Our research delves into a new generation of AI systems capable of learning and evolving over time, adapting to individual needs, and enhancing daily life. This includes exploring long-term memory, user modeling, and personalized systems aligned with broader human goals, values, and overall well-being.
We collaborate closely across multiple disciplines—research, engineering, design, product management, and safety—to define what it means to build AI systems that recognize and respond to user needs in a contextually aware and respectful manner, ensuring demonstrable benefits.
About the Position
We are seeking a passionate Research Engineer/Scientist to join our Future of Computing Research team, focusing on Reinforcement Learning from Human Feedback (RLHF) and post-training techniques for personalized multimodal AI systems.
In this role, you will be instrumental in establishing the learning and evaluation foundations necessary for models to become increasingly context-aware, adaptive, and useful over time.

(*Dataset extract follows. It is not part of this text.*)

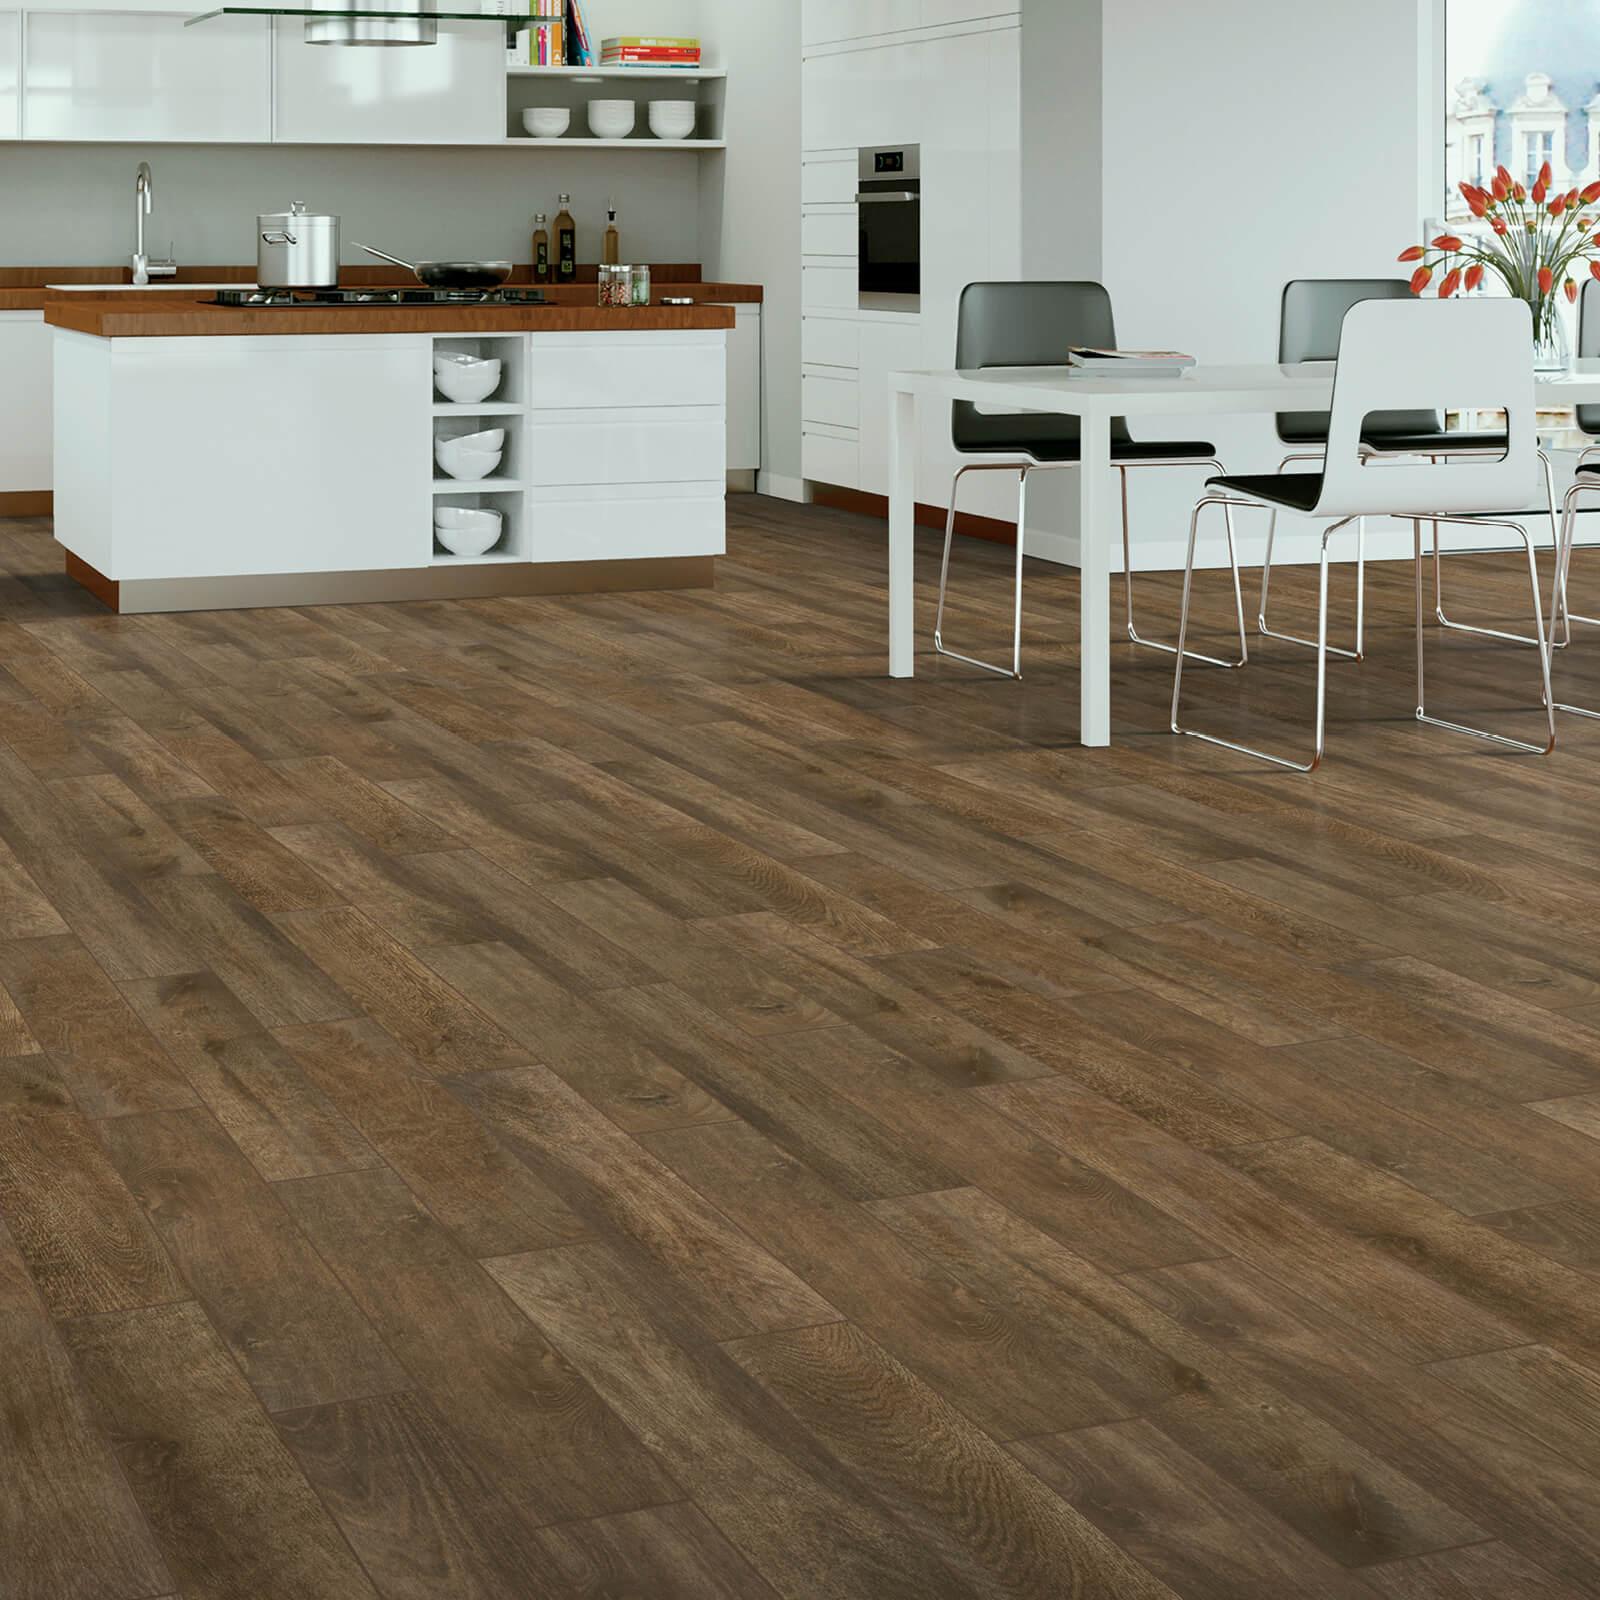 Tile in Kitchen   Haley's Flooring & Interiors

You will tackle challenges such as reward modeling, preference learning, long-horizon evaluation, and policy improvement for systems that are required to make high-quality behavioral decisions in real-world settings. Our success is measured not just by improved benchmark performance but by enhanced model behavior in actual use cases.

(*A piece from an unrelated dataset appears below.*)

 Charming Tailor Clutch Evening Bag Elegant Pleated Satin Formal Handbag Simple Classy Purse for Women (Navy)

The ideal candidate is enthusiastic about advancing beyond simplistic one-turn assistant interactions towards systems that learn and grow through feedback, utilizing richer signals and training against meaningful notions of user value. This requires a thoughtful approach to reward design, feedback mechanisms, and evaluation frameworks that assess the long-term benefits of interventions.
This position is based in San Francisco, CA, with a hybrid work model of four days in the office each week. We also provide relocation assistance for new hires.
Key Responsibilities:
Develop RLHF and post-training strategies for multimodal models.
Create reward models and preference-learning pipelines to foster adaptive, personalized model behavior.
Engage in long-term evaluation and policy refinement to enhance user interactions.